Which search queries are affected by BERT?
BERT’s impact affects long-tail search queries. BERT improves the interpretation of context for longer queries that are entered (or spoken for Voice Search) into the search bar as a question or a group of words.
On their blog, Google provided a few examples of search queries that BERT helps to understand better and for which the search engine is now provide more relevant results.
In this example for an organic search result, according to Google, the importance of the word “to” and its relationship to other words were previously underestimated. However, the word “to” plays an integral role in the meaning of the sentence. We are dealing with someone from Brazil who wants to travel to the USA – not the other way around. The new BERT model makes it possible for Google to correctly understand this distinction and provide results that correspond to the true search intent.

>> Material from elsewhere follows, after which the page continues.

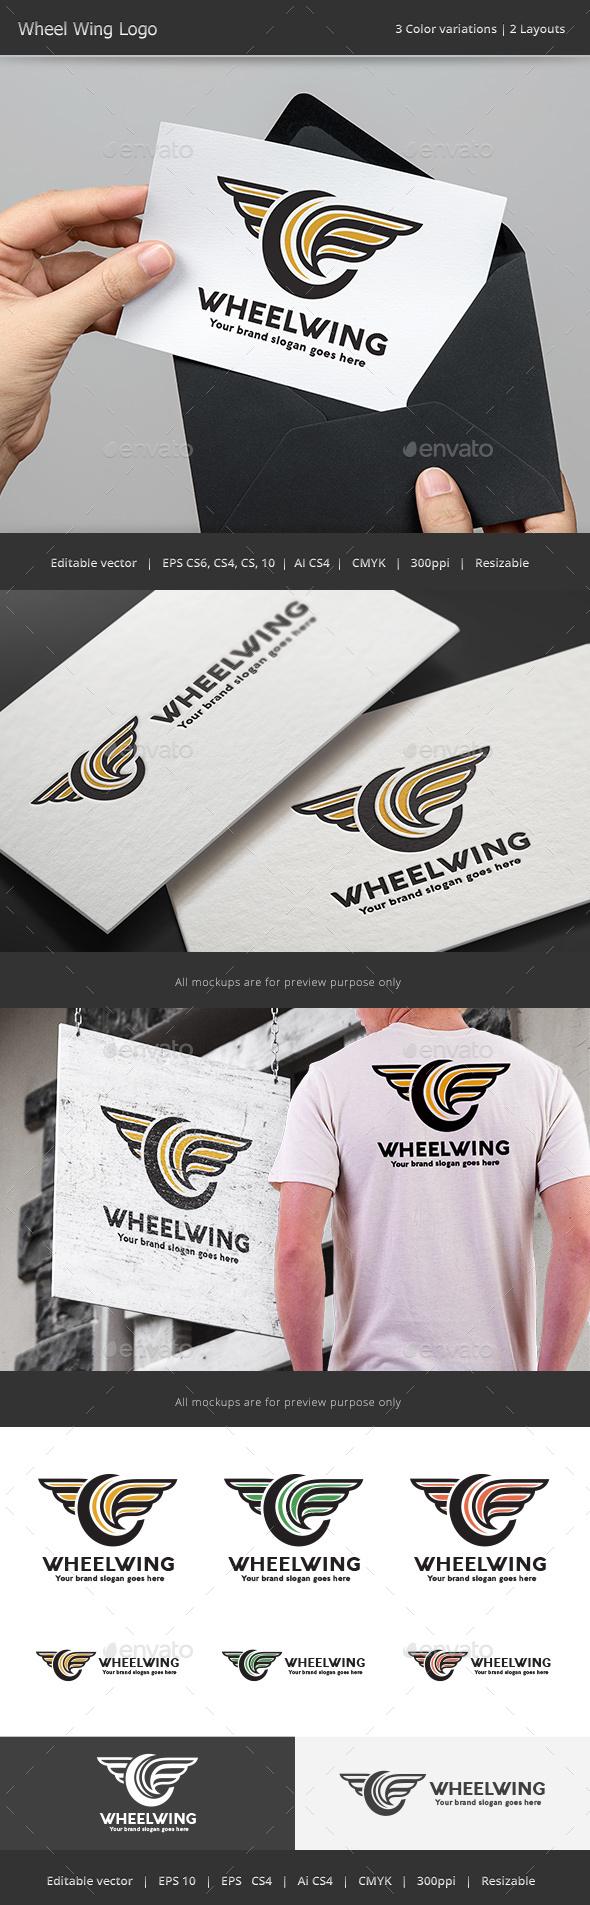 Wheel Wing Logo - Abstract Logo Templates

Example 2: “Parking on a hill with no curb”
In this example from Google’s blogpost, which deals with evaluating the search results to choose the most relevant Featured Snippet, the focus used to be placed too heavily on the word “curb”, ignoring the importance of the word “no”. This meant that a Featured Snippet was displayed that was of little use, as it actually answered the opposite question to that being posed by the searcher.
What can SEOs and webmasters do?
There is no simple answer to how to react to BERT. There aren’t any easy tactics that you can use to suddenly make your website rank better or to recuperate losses. Instead, it is important to bear in mind that you need to write your content and build your websites not just for algorithms, but for people: for your potential users and customers who will be visiting and interacting with your website.